BIO
Short Answer:
Swampy, existential garage, blues, psych, stoner, punk, jazz rock influenced by Detroit music - The White Stripes, MC5, Stooges, John Lee Hooker, Stevie Wonder, etc.
New album Out Now (released Oct. 14, 2022).
Detroit Rebellion - Jeff Toste: Guitar, Vocals - Micaiah Castro: Drums
Press: "Detroit Rebellion are not from the Motor City but they do kinda sound like they could be. Their sound is less Jack White however and maybe more early Beck."
– BrooklynVegan
“a cracking, dirty, bluesy rock band, and one you should familiarize yourselves post haste”
– Louder Than War
Long Answer:
We have returned from a long hiatus.
I built a soundproof recording space in my basement during the pandemic. I referenced mostly 70's music and the White Stripes for the production style.

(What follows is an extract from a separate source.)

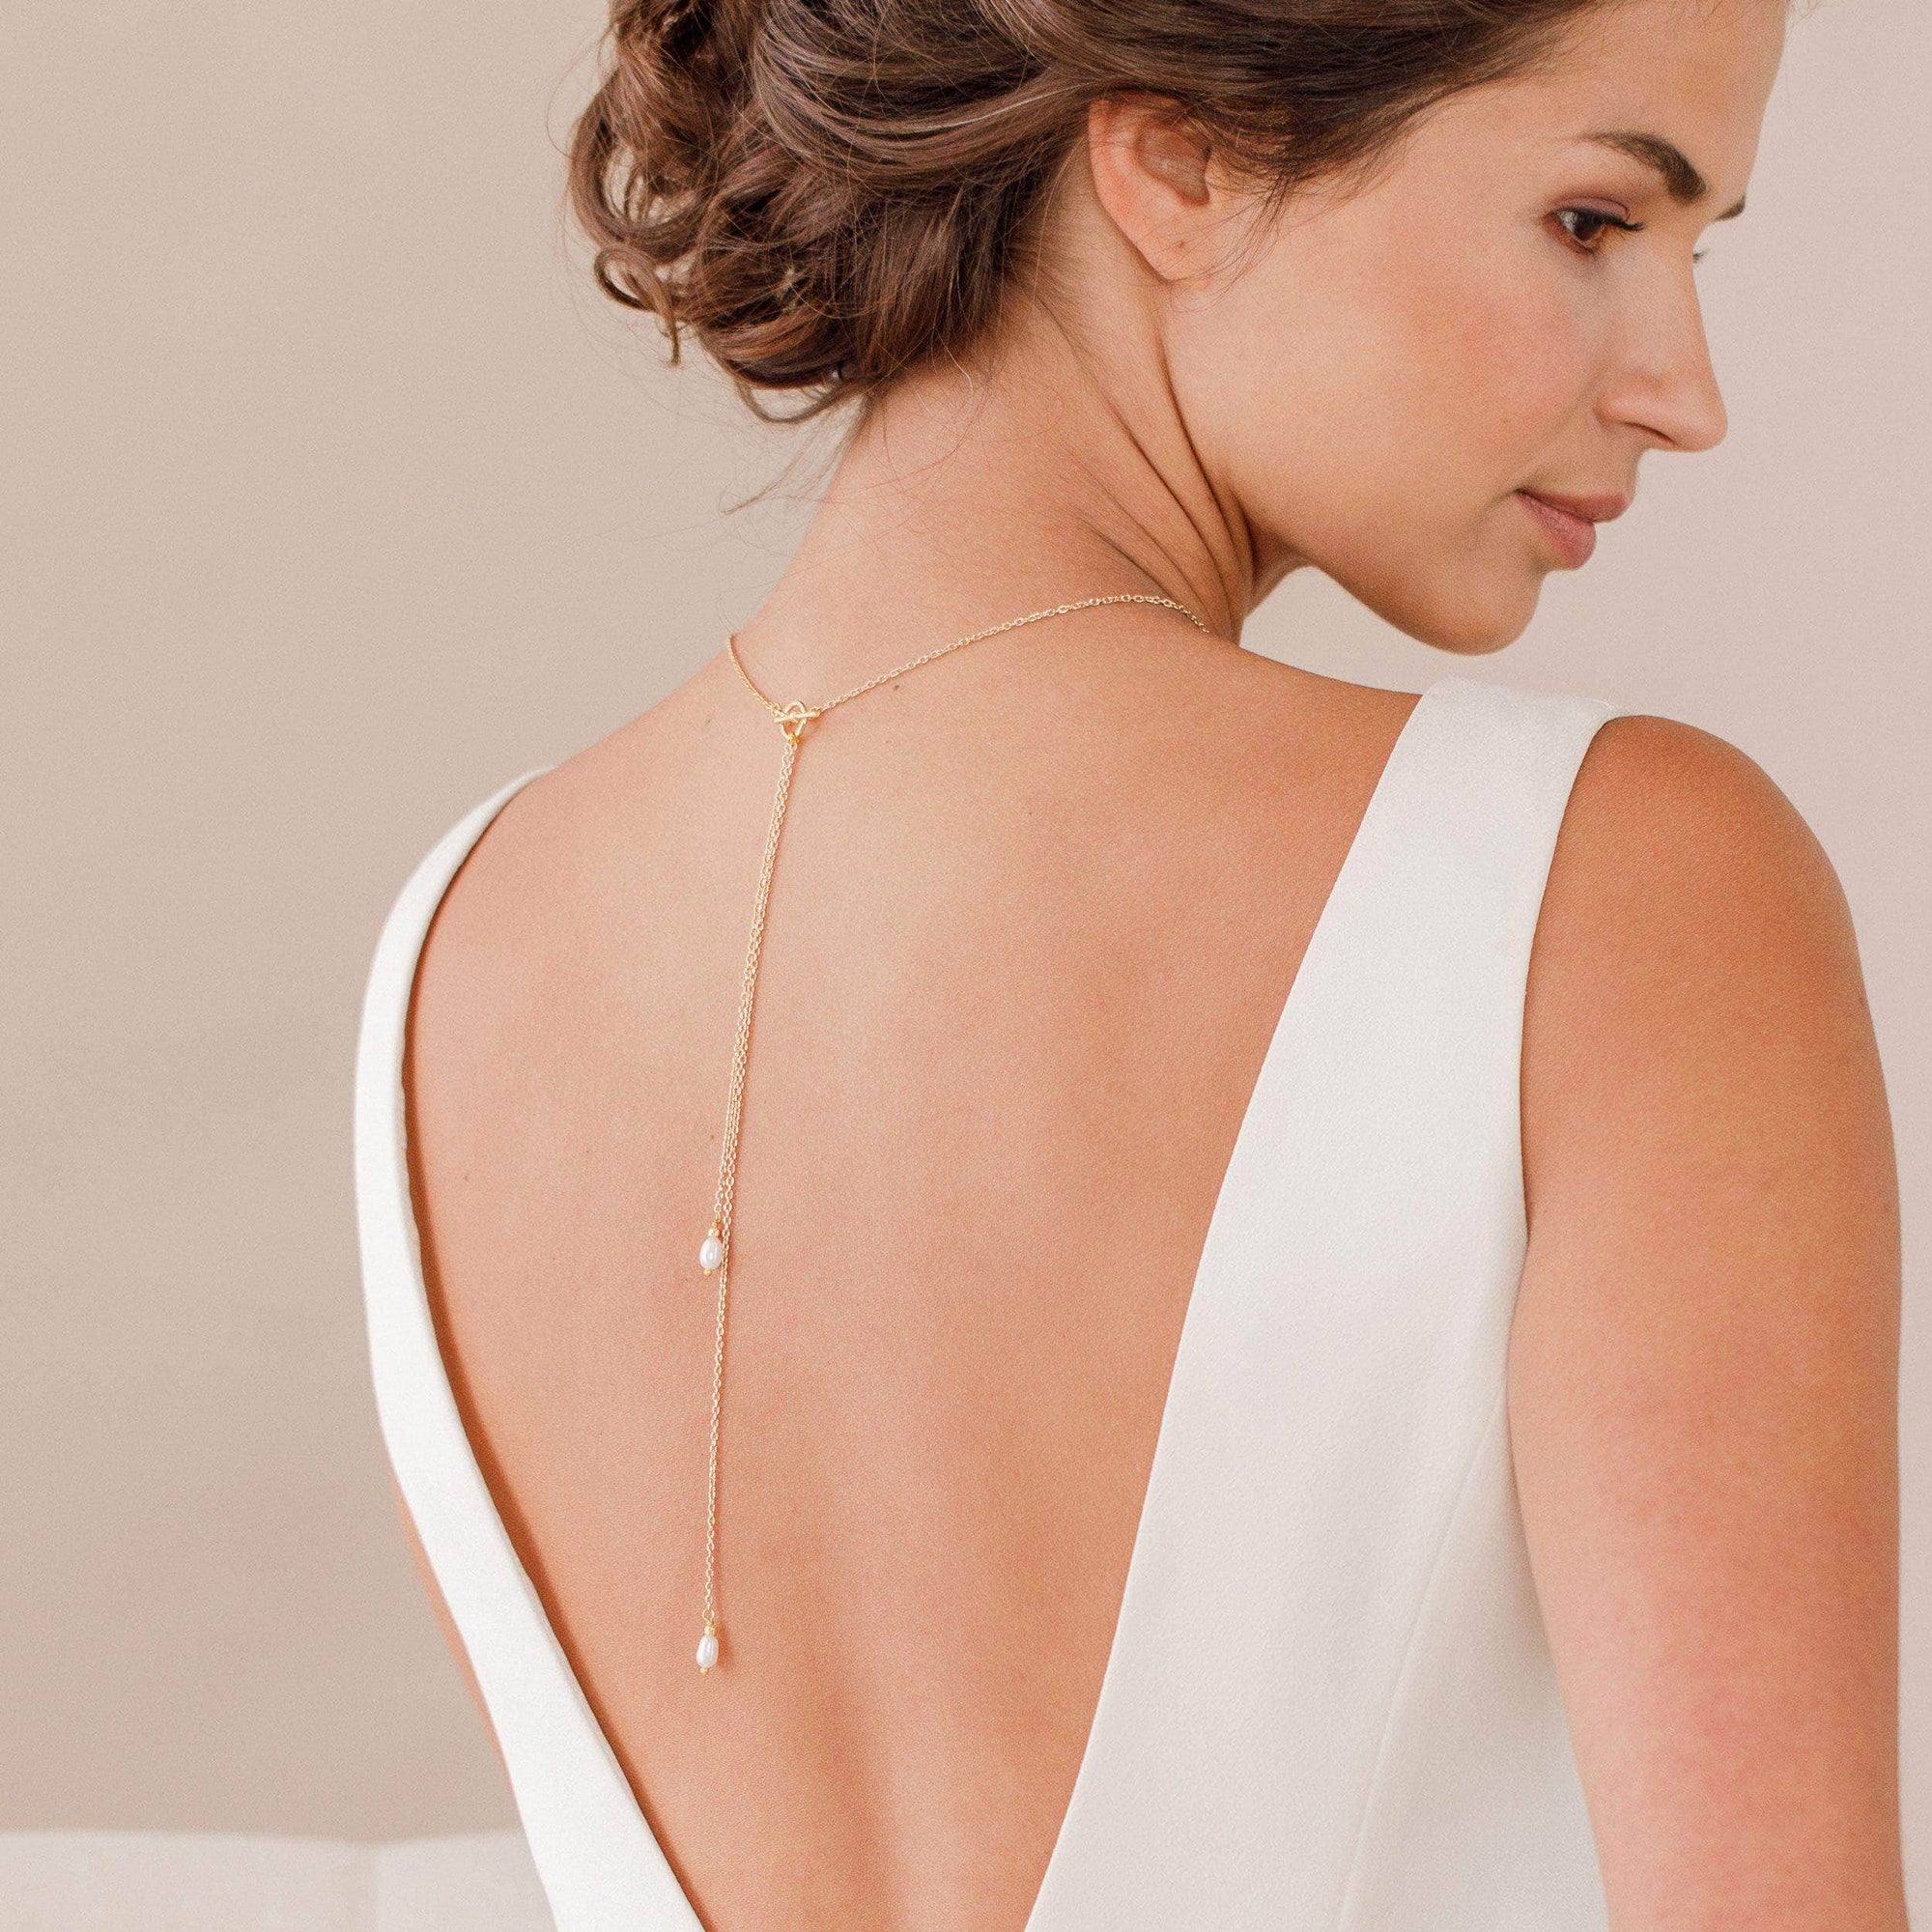 Wedding Necklace Pearl back drop necklace lariat for wedding - 'Charlotte'

We're not the White Stripes or 70's music. Instead, we offer an eclectic variation of garage rock with an "in the room with the band" recording sound (play on speakers with bass response if possible).

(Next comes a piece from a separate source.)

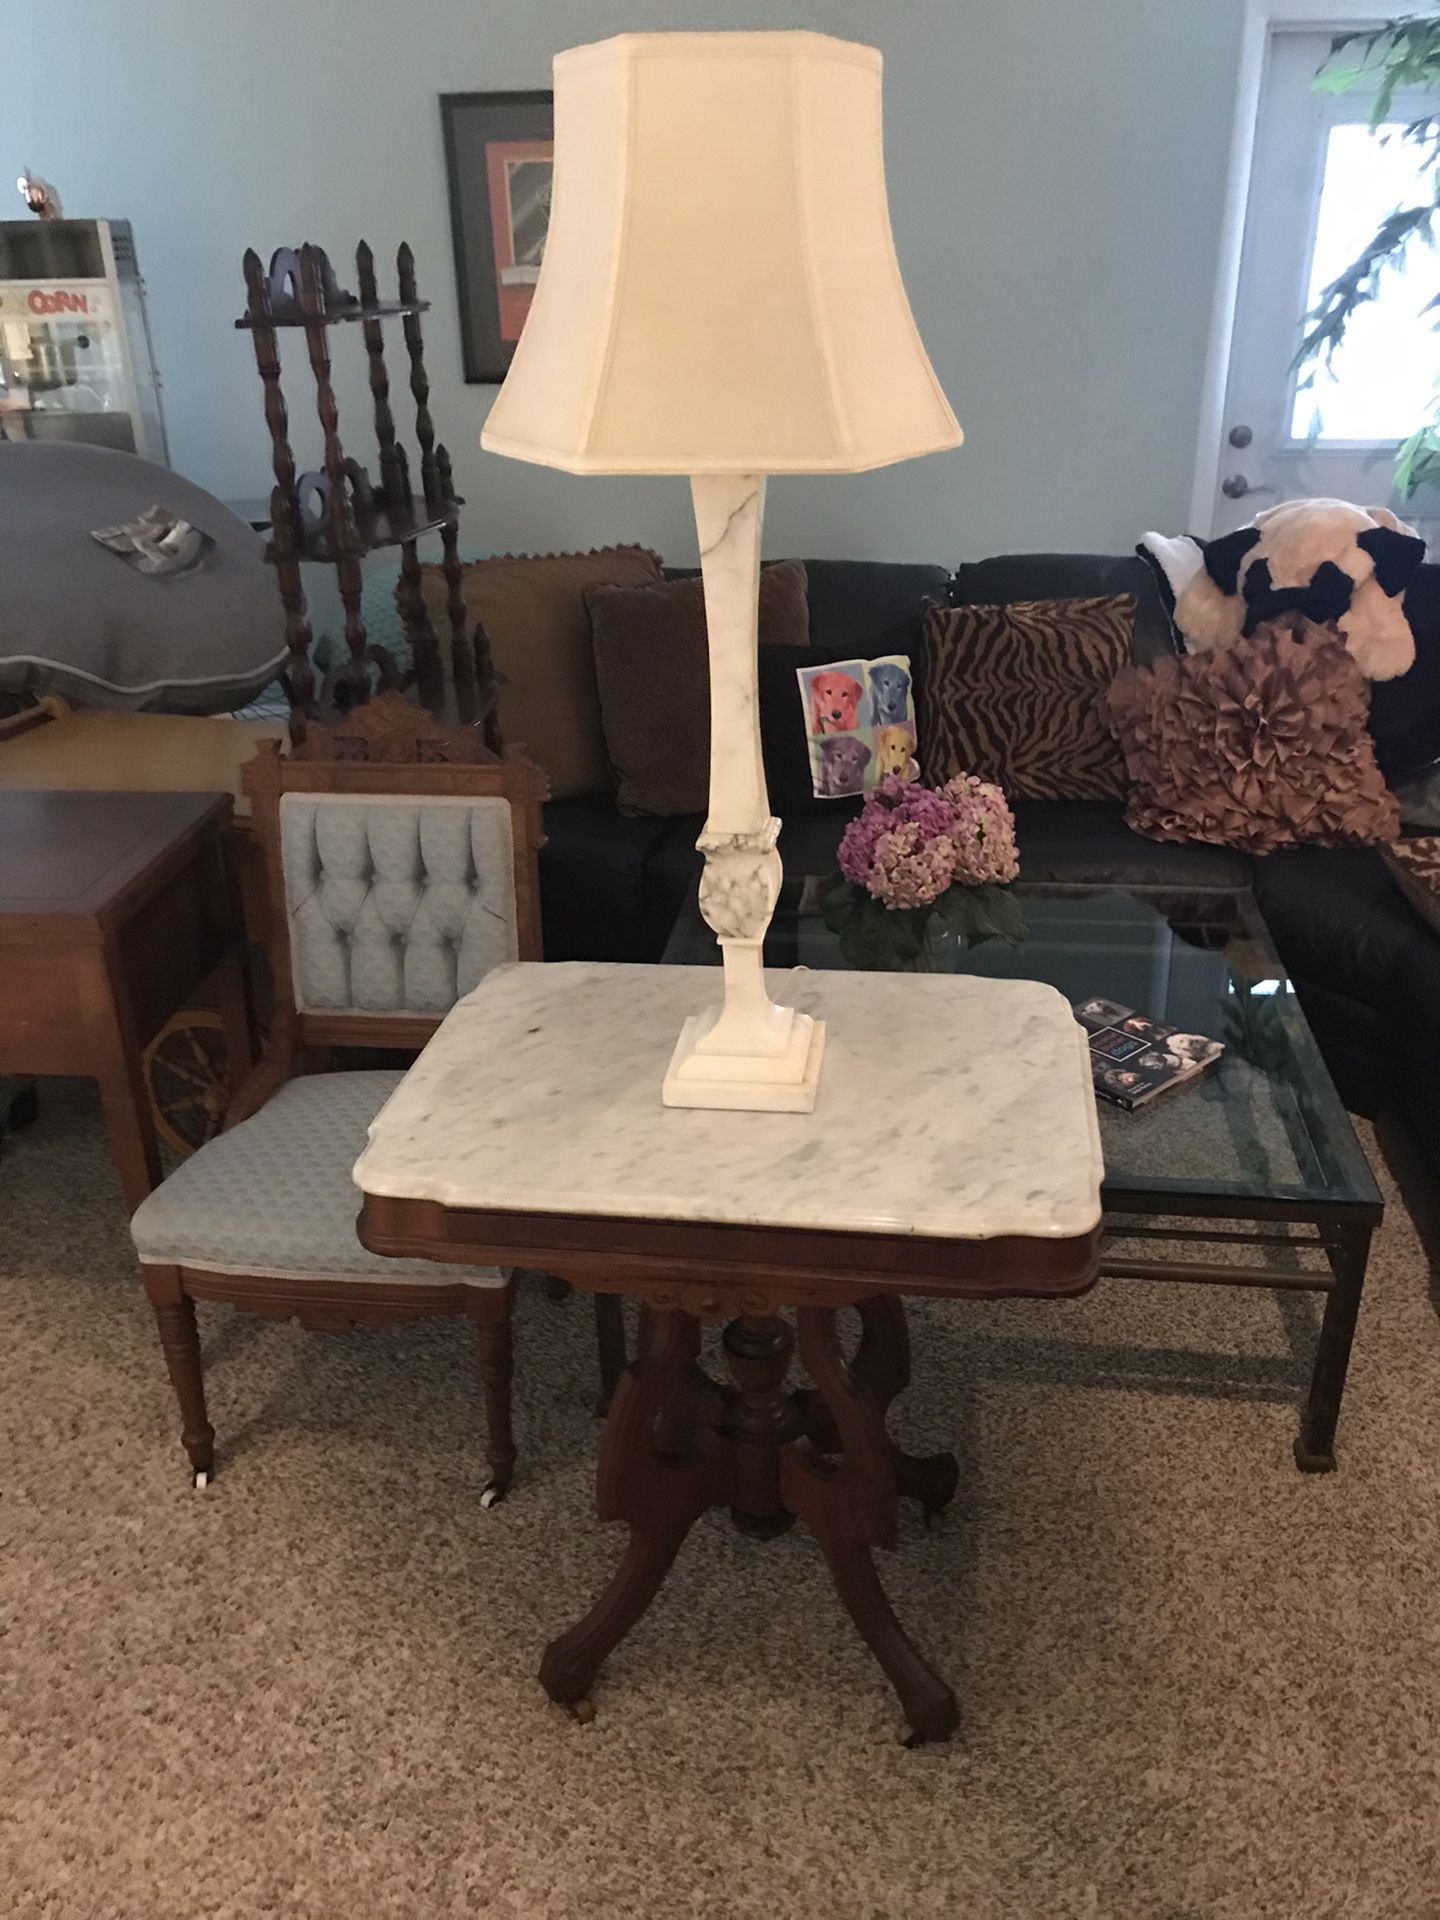 Vintage marble table and lamp

Since our release of "The Man" album (2017), we released "See You Next Year" (2018), got a new drummer, worked with a label, fell off the map, left the label, survived the pandemic, and reinvented our sound (less reverb, more bottom).

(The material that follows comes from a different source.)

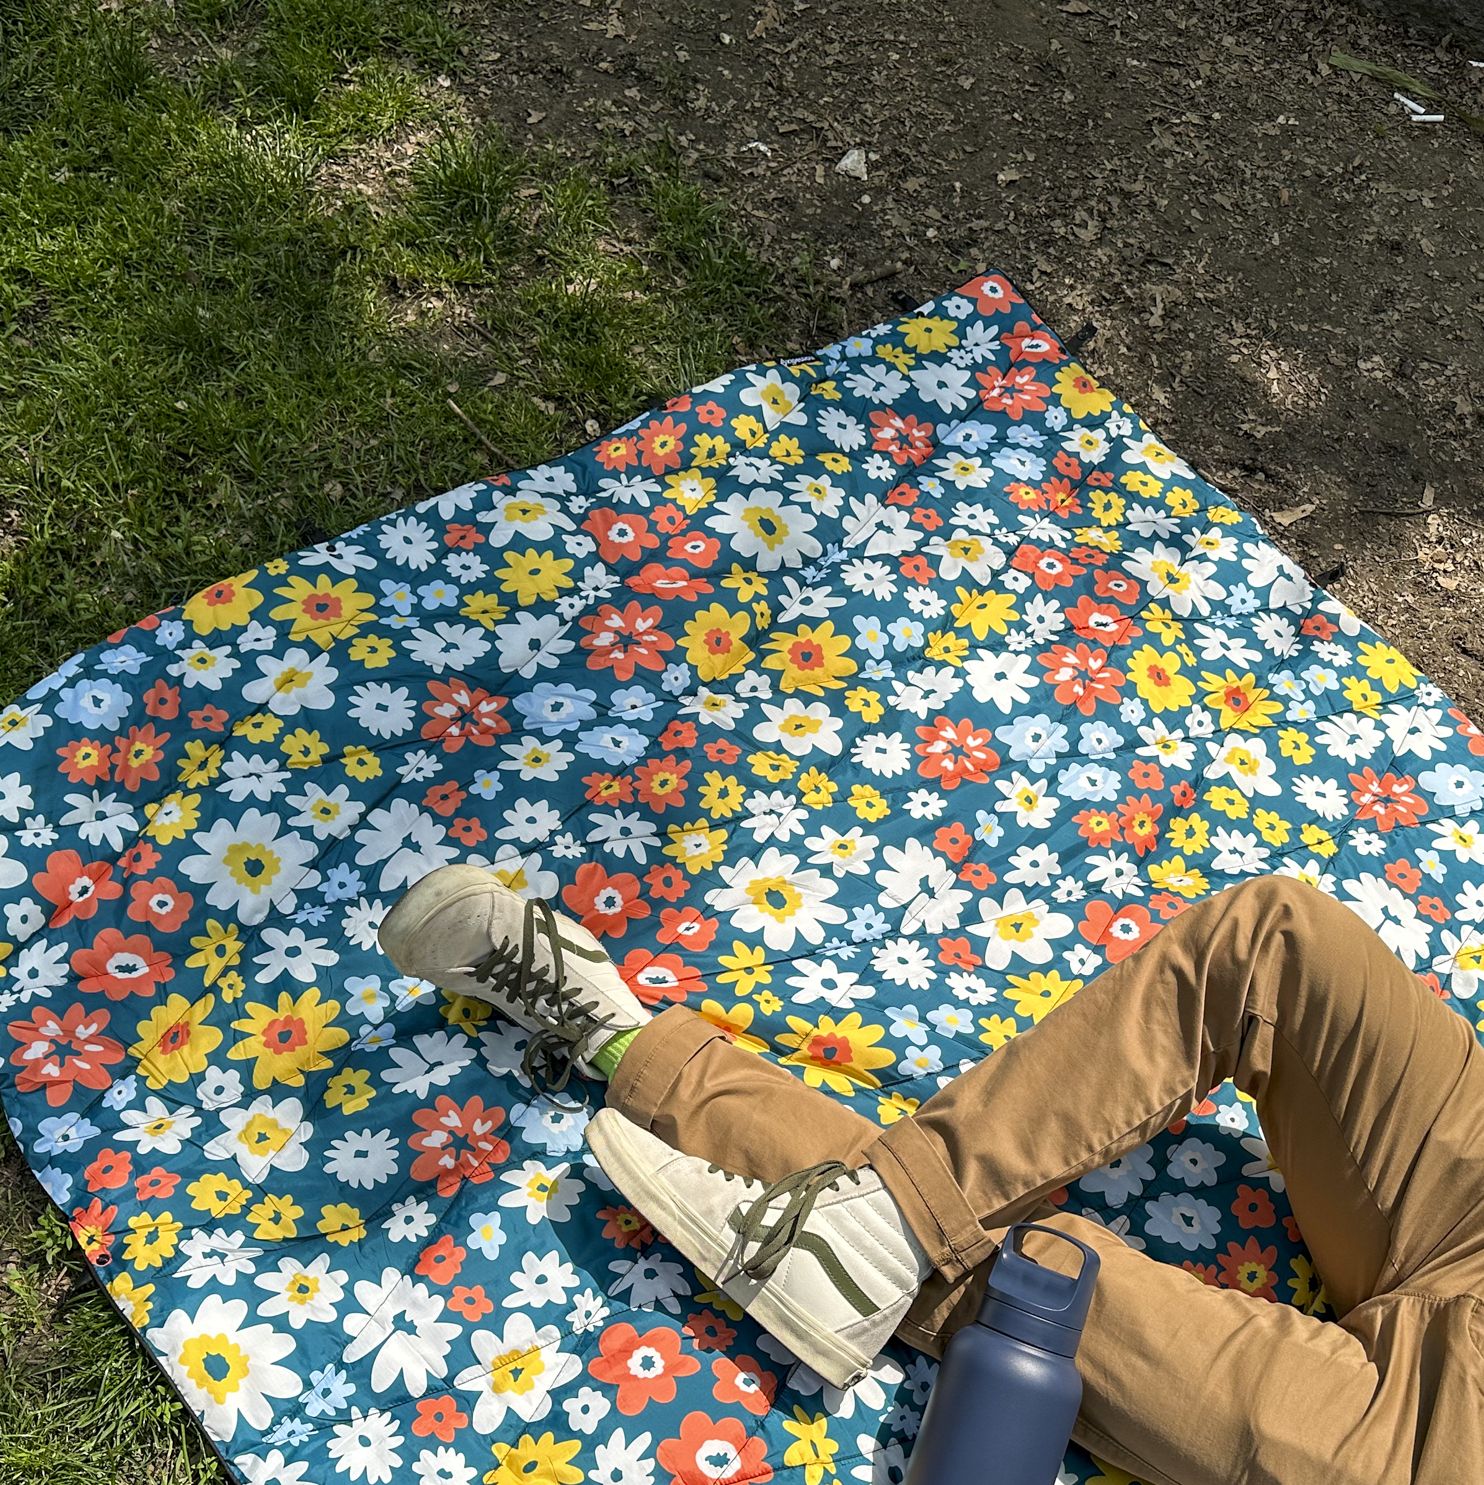 Need a Spot to Post Up for a Picnic or at the Campsite? Get an Outdoor Blanket.

One last thing, we're not from Detroit. Despite Micaiah being an extra in the film "Detroit," our connection is a love of music and "forgotten" history. The Detroit Rebellion (of 1967) seemed a good fit to honor underreported history from a place whose music - John Lee Hooker, Stooges, Mc-5, Stevie Wonder, White Stripes, etc.- was an influence.
Press Release (New LP):
Rhode Island duo, Detroit Rebellion, return with fierce new album Fake News due this fall. A lot has happened in the world since Detroit Rebellion’s 2018 album See You Next Year (Bodan Kuma) was released: the enraging politics of the world, a new drummer, and some studio help from Kurt Cobain (via his effect pedal).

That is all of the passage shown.